CHMP issues positive opinion recommending approval of Tarceva as monotherapy for NSCLC

OSI Pharmaceuticals, Inc. (Nasdaq: OSIP) announced today that its international partner for Tarceva^® (erlotinib), Roche, informed OSI that the European Committee for Medicinal Products for Human Use (CHMP) has issued a positive opinion recommending approval of Tarceva as monotherapy for maintenance treatment in patients with locally advanced or metastatic non-small cell lung cancer (NSCLC) with stable disease following four cycles of standard platinum-based first-line chemotherapy. A final decision is expected from the European Commission within 45 days.

“Advanced lung cancer is an aggressive disease and when the cancer grows or spreads the health of patients deteriorates rapidly. By giving Tarceva earlier after chemotherapy, instead of waiting for the disease to progress, we could help more people live longer without their disease getting worse”

“Advanced lung cancer is an aggressive disease and when the cancer grows or spreads the health of patients deteriorates rapidly. By giving Tarceva earlier after chemotherapy, instead of waiting for the disease to progress, we could help more people live longer without their disease getting worse,” said Professor Federico Cappuzzo, M.D., Head of Oncology Unit, Livorno Hospital, Italy and principal investigator of the SATURN trial.

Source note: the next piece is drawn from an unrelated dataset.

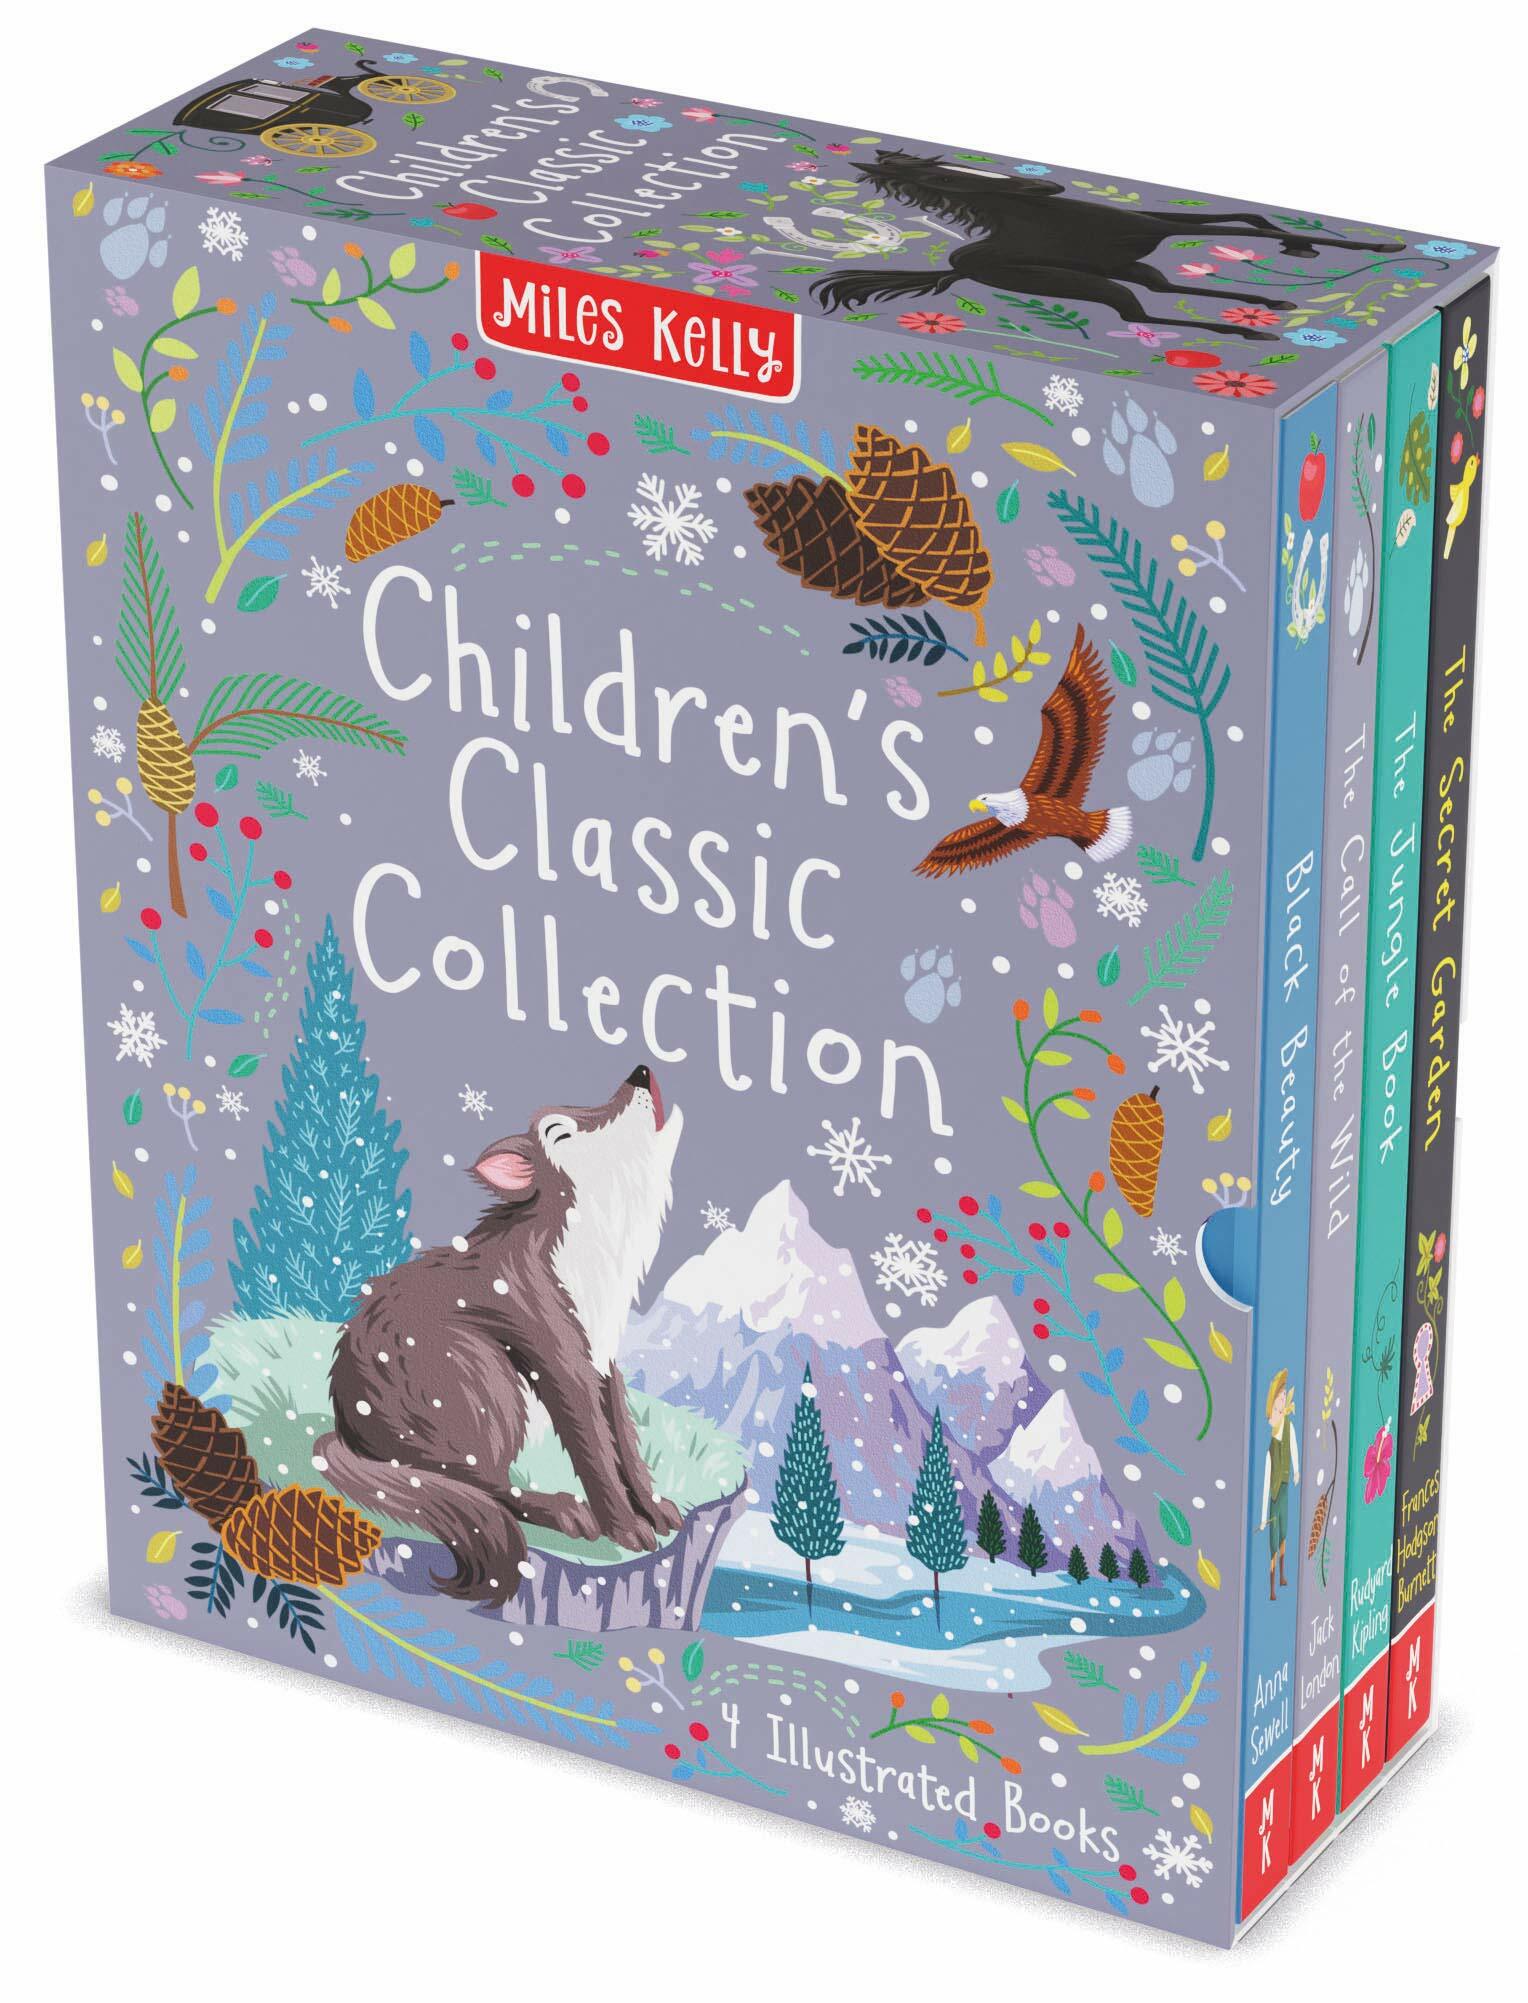 Childrens Classic Collection Slipcase (Hardcover 4권)

The CHMP positive opinion is based on a review of data from the pivotal Phase III SATURN study which showed a statistically significant improvement in both progression-free survival (PFS) and overall survival (OS)- the study’s primary and secondary endpoints, respectively- with Tarceva compared to placebo across a broad range of patients with advanced NSCLC in the maintenance setting. The magnitude of the benefit was greater in patients with stable disease following first-line chemotherapy compared to patients achieving a complete or partial response. Data for patients with stable disease will be presented at a forthcoming scientific meeting.

The U.S. Food and Drug Administration (FDA) recently extended the review period for the supplemental New Drug Application (sNDA) for Tarceva as a first-line maintenance therapy in advanced NSCLC by 90 days, and the agency is now expected to make a decision by April 18, 2010.

Sales of Tarceva outside the U.S. represent an important component of the Company's revenues. In 2009, $146 million (or 41%) of the Company's $359 million in Tarceva-related revenues were derived from royalty payments received from Roche for sales outside the U.S. market.